Thursday, March 22, 2012 | 2:01 a.m.
The initial strikes on and invasion of Afghanistan had clear objectives. We had just endured the 9/11 tragic devastation and were targeting the home base of the Taliban political and terrorist refuge, and the al Qaida brain trust who perpetrated the 9/11 attacks. Initial American objectives were achieved. The Taliban was driven from power. Al Qaida and its leaders were driven from Afghanistan. We witnessed satisfying results, including a return of human rights which had been brutally repressed under Taliban rule. These were welcome accomplishments and results.
But after these initial successes, something went astray. American planners took their eye off the ball in Afghanistan, the invasion of Iraq being a major distraction, and in the blink of an eye, a major Taliban resurgence ensued.

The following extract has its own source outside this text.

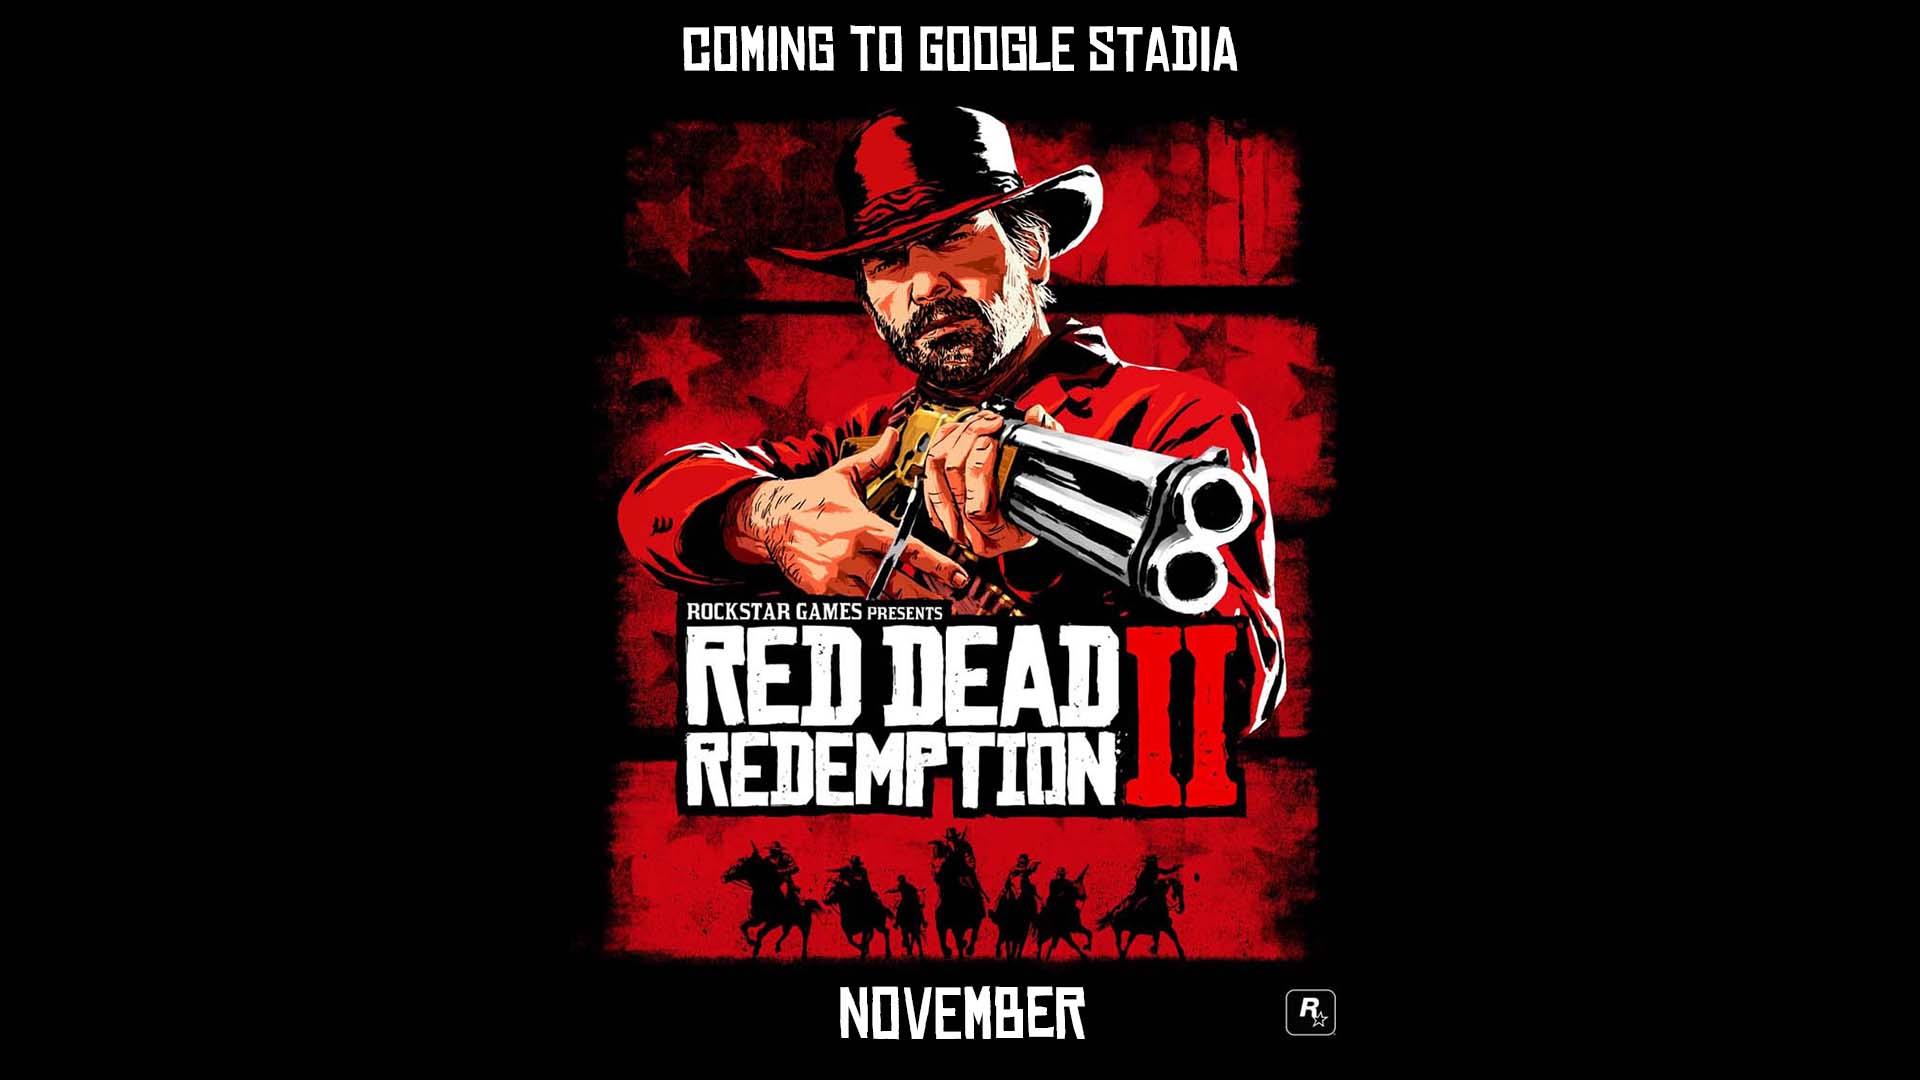 Red Dead Redemption II, le jeu de l'année 2018 arrive sur PC et Google Stadia!

After those initial victories, we might have gathered up our military assets and departed as victors. However, we did not. For one thing, Osama bin Laden was still alive. We now have another window of opportunity to leave. We should be more convinced than ever, particularly after the Quran burning episode accompanied by killings of innocent Americans, and the mass killings of innocent Afghan civilians.
Furthermore, the Taliban is an embedded political and cultural reality in Afghanistan that is generally devoid of institutional systems required for governing, and our future is not as bright in Afghanistan as our past achievements have been. Based on these perceptions, it is time for NATO forces to ramp down and return home. The marginal benefits of returning home now exceed those of remaining.